XV - o valor do serviço prestado a tomador responsável tributário, lançado em livros fiscais e contábeis ou declaração eletrônica do Município, sem a incidência do ISS, quando o tomador não fornecer as notas fiscais de serviços e contratos correspondentes à prestação dos serviços que comprovem a exatidão dos fatos;

XVI - valores de notas fiscais emitidas neste Município, por contribuinte enquadrado no Simples Nacional, após efetuar a alteração de endereço para outro Município junto à Receita Federal do Brasil, sem a respectiva baixa no Cadastro Mobiliário do Município. § 1º A apuração da receita poderá basear-se na documentação referente aos atos negociais de que a pessoa jurídica tenha participado, caso esteja a mesma dispensada de escrituração contábil, nos termos da legislação vigente.

§ 2º Para os efeitos do disposto nesta Lei Complementar, são também considerados documentos fiscais as declarações, inclusive por via eletrônica de dados, e os documentos resultantes do cumprimento de obrigação acessória nas esferas federal, estadual e municipal.

§ 3º Na hipótese de configuração de confusão patrimonial entre a pessoa jurídica e a pessoa física do sócio, administrador ou empregado, ou familiares destes até o terceiro grau, presumir-se-á como omissão de receitas de serviços os valores ingressados em conta de depósito ou de investimento mantida junto à instituição financeira em nome das pessoas físicas envolvidas nas operações, desde que, após regularmente intimadas, não comprovem, mediante documentação hábil e idônea, que os recursos utilizados nessas operações não são hipótese de incidência do ISS.

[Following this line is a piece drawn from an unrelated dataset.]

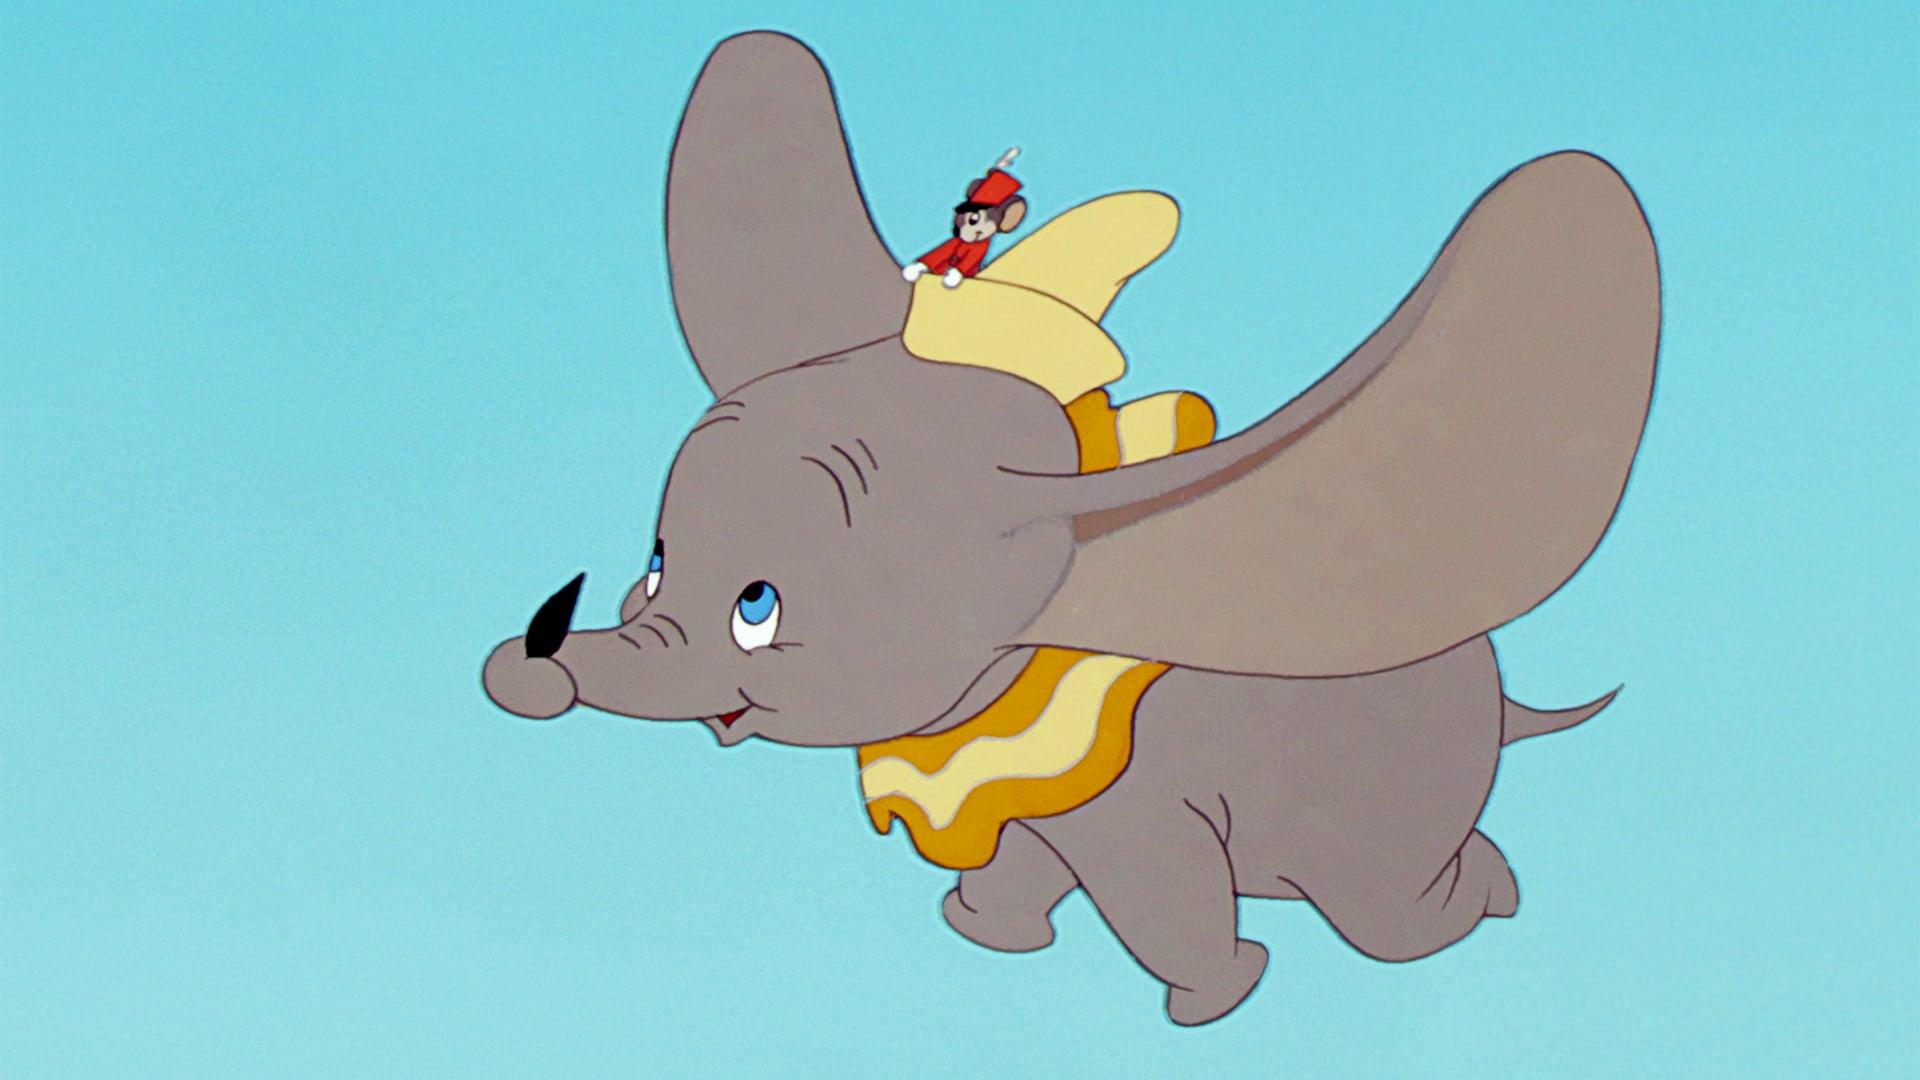 Site revela sinopse do live-action de Dumbo

§ 4º Para efeitos do § 3º deste artigo, configura-se à confusão patrimonial a circulação de valores não registrados contabilmente, ou, registrados e não autorizados pelas normas contábeis, trabalhistas, previdenciárias e/ou tributárias vigentes.

§ 5º Valem as mesmas presunções previstas nos incisos VI e XII deste artigo, no caso de valores apurados através de extratos de vendas em cartões de crédito ou débito, fornecidos pelo próprio contribuinte ou por meio de operadoras ou administradoras de cartões de crédito ou débito, ou assemelhadas.

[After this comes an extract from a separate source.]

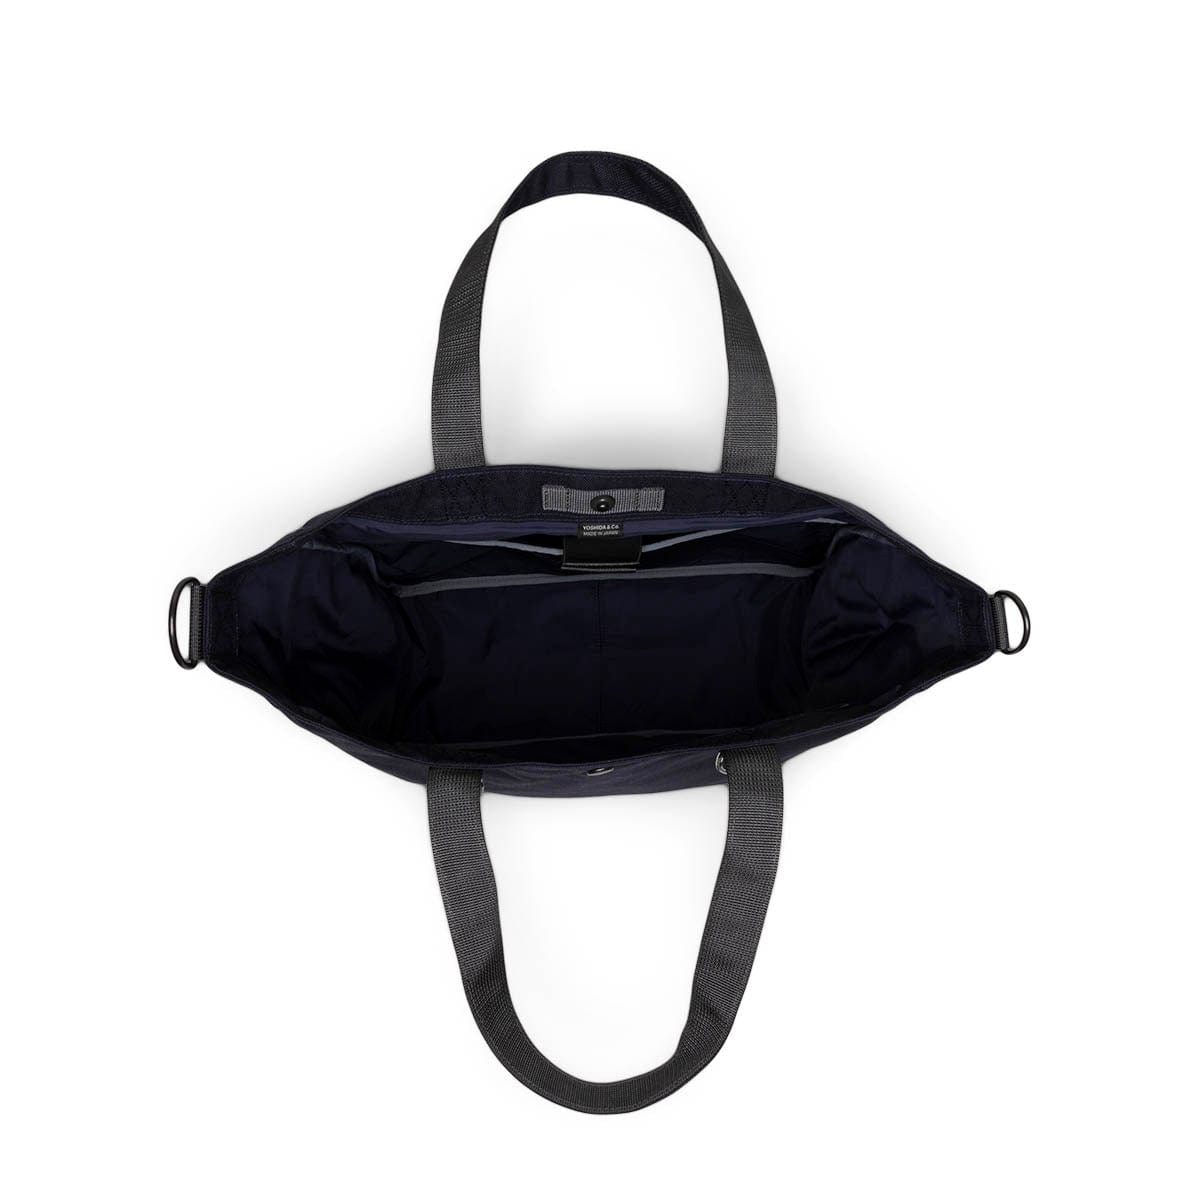 Porter Yoshida Bags NAVY X BLACK / O/S HYPE 2WAY TOTE BAG

§ 6º Para aplicação das presunções previstas nos incisos II, IV, V e VI deste artigo, o contribuinte deve ter sido notificado a apresentar documentos que amparem tais lançamentos contábeis, e não os ter fornecido, ou ter entregue informações sem fidedignidade ou inexistentes.

§ 7º Na situação prevista no inciso III deste artigo, a omissão de receitas será apurada com base no maior valor de saldo credor no período de apuração, por meio da glosa de lançamentos contábeis sem amparo documental adequado ou fidedigno, ou da adição de outros fatos contábeis não escriturados, sendo observados, para isso, as presunções dos incisos II, IV, V e VI deste artigo.

§ 8º No caso da configuração da inexistência de fato de estabelecimento prestador em outro Município, conforme inciso XIII deste artigo, o ISS será apurado com base no preço dos serviços discriminados em documentos fiscais emitidos no outro Município em que não existia de fato o estabelecimento, e demais elementos possíveis para apuração da base de cálculo do imposto, sem prejuízo das penalidades cabíveis.

§ 9º Será considerada ocorrida a simulação da locação de bens móveis, conforme descrito no inciso XIV deste artigo, quando, concomitantemente: I - os bens locados forem utilizados exclusivamente em atividades relacionadas à prestação do serviço contratado;

II - não for transferida a posse, utilização e responsabilidade sobre o uso correto do bem locado ao locatário;

III - o locador se responsabilizar, mesmo que parcialmente, pelo resultado da utilização do bem locado.

§ 10. As presunções previstas neste artigo são relativas e podem ser ilididas, mediante prova documental da não ocorrência do fato presumido em qualquer etapa da fiscalização ou do processo do contencioso administrativo.